Combine with --with-alloy to push the same data out to a remote backend in parallel:

./scripts/deploy-validator.sh --with-alloy --with-local-monitoring \
  validator.example.com admin@example.com

Ports:

  • 3000 — Grafana (login admin / ${GRAFANA_ADMIN_PASSWORD:-admin})
  • 9090 — Prometheus
  • 3100 — Loki
  • 3200 — Tempo
  • 12345 — Alloy UI

Dashboards in docker/dashboards/; drop a new .json and re-docker compose up to pick it up. Alert rules in docker/alerts.rules.yml.

Layering it yourself

Without the deploy script:

cd docker

# Default (off)
docker compose -f docker-compose.yml up -d

# Alloy push
docker compose -f docker-compose.yml -f docker-compose.alloy.yml up -d

# Local monitoring
docker compose -f docker-compose.yml -f docker-compose.local-monitoring.yml up -d

# Both — alloy pushes AND on-box dashboards
docker compose \
  -f docker-compose.yml \
  -f docker-compose.alloy.yml \
  -f docker-compose.local-monitoring.yml \
  up -d

Helm

The Helm chart follows the same opt-in / composable philosophy as the compose stack, but at finer granularity. The chart itself ships no observability stack — Prometheus, Grafana, Loki, Tempo are your cluster's concern. The chart only emits the CRs your existing stack needs to start scraping, alerting, and rendering dashboards.

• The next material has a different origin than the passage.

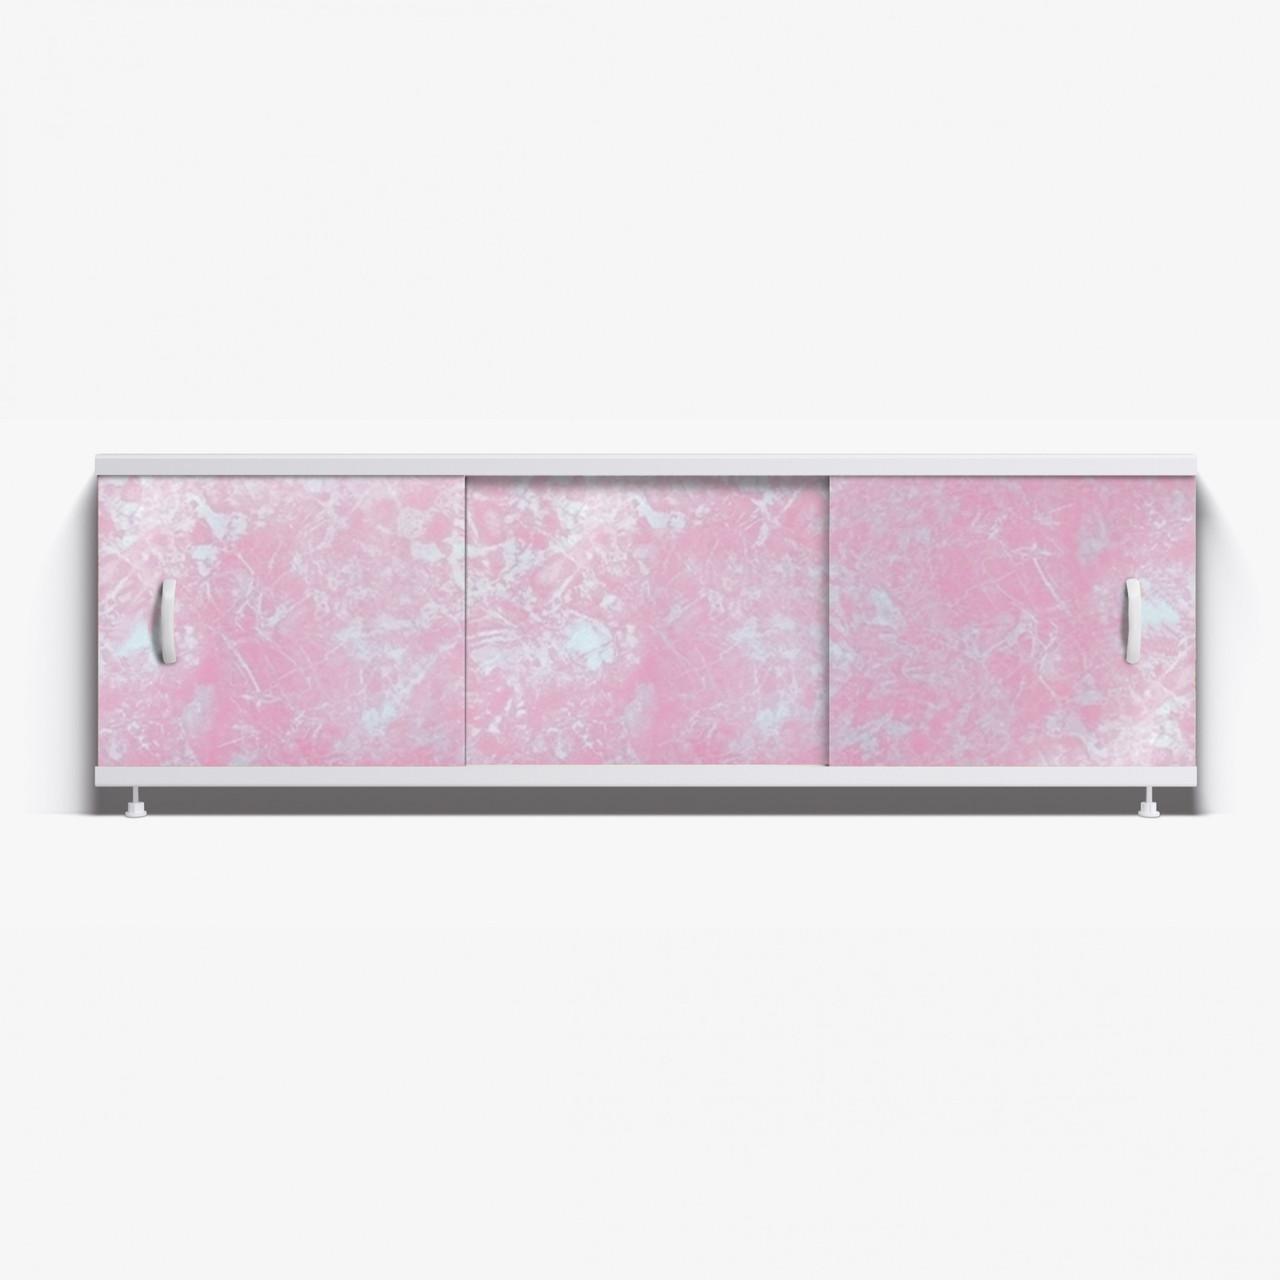 Панель для ванны Alavann ОПТИМА 1.7 м  // 1 светло- розовый мрамор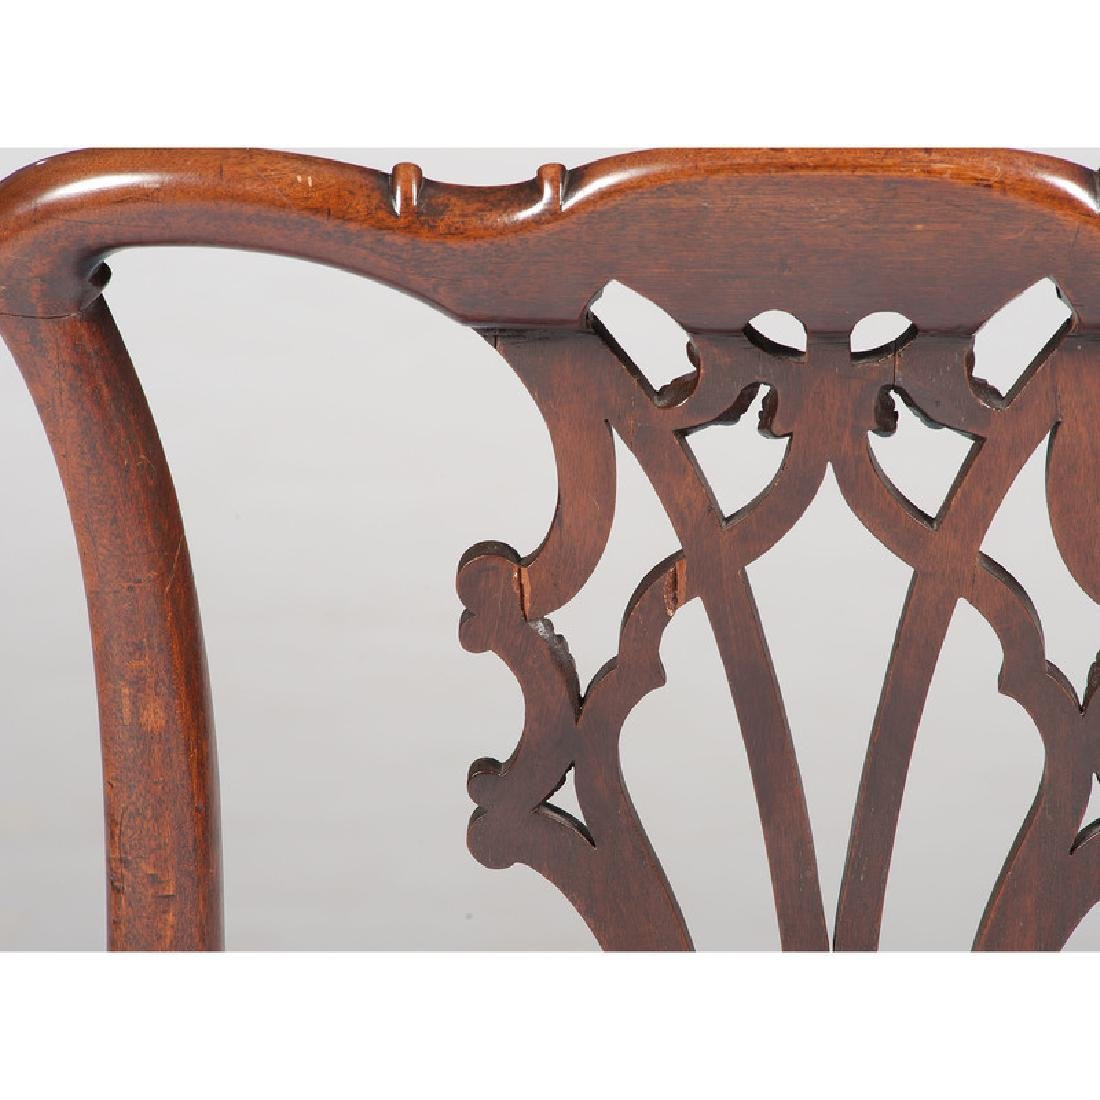 Twelve George III Chippendale Chairs - 5

Three independent flags. Enable any combination:

Flag Emits Requires
serviceMonitor.enabled ServiceMonitor targeting shards + proxy /metrics. Prometheus Operator (or Alloy configured to discover SMs).
prometheusRule.enabled PrometheusRule with default Linera alerts + yours. Prometheus Operator + PrometheusRule CRD.
dashboards.enabled One ConfigMap per JSON dashboard, sidecar-labelled. Grafana with the dashboard sidecar enabled.

Defaults are all false — a bare helm install produces no observability resources, same as a bare docker compose up produces no observability containers.

# my-values.yaml — turn on everything
serviceMonitor:
  enabled: true
  labels:
    release: prometheus        # match your Prometheus's serviceMonitorSelector
prometheusRule:
  enabled: true
dashboards:
  enabled: true

Remote push (Alloy / agent-based forwarding)

The Helm chart does not ship an Alloy sidecar — that's a cluster concern, not a per-chart concern. If you want the same "push to a remote Prometheus / Loki / Tempo" behaviour the compose --with-alloy flag gives you, install Alloy (or the Grafana Agent, or OpenTelemetry Collector) as a separate release in the cluster and point it at the ServiceMonitor created by serviceMonitor.enabled=true.

Customising alerts

Extend the shipped rules without forking the chart:

prometheusRule:
  enabled: true
  extraRules:
    - alert: MyCustomAlert
      expr: up{...} == 0
      for: 5m
      labels:
        severity: warning
      annotations:
        summary: 

Dashboards shipped with the chart

dashboards.enabled=true emits one ConfigMap per JSON file under helm/linera-validator/dashboards/, recursively, labelled for the Grafana sidecar. Current set:

  • linera/general.json — validator overview (proxy + shard health, rps, error rate)
  • linera/execution.json — execution layer metrics
  • linera/views.json — view cache / materialisation metrics
  • linera/storage/storage.json — generic storage layer metrics
  • linera/storage/rocksdb.json — RocksDB-specific counters (when dual-store enabled)
  • linera/storage/scylladb.json — ScyllaDB-specific counters
  • linera/vms/ethereum.json — EVM-runtime dashboards
  • profiling/cpu.json, profiling/jemalloc-memory.json — continuous-profiling views (Pyroscope)
  • scylla/scylla-{overview,detailed,advanced,cql,ks,os,alternator}.json — upstream ScyllaDB dashboards (tag 6.2)
  • scylla-manager/scylla-manager.json — ScyllaDB Manager dashboard (tag 3.4)

Drop additional JSON files into the same directory and re-run helm upgrade — the chart picks them up automatically.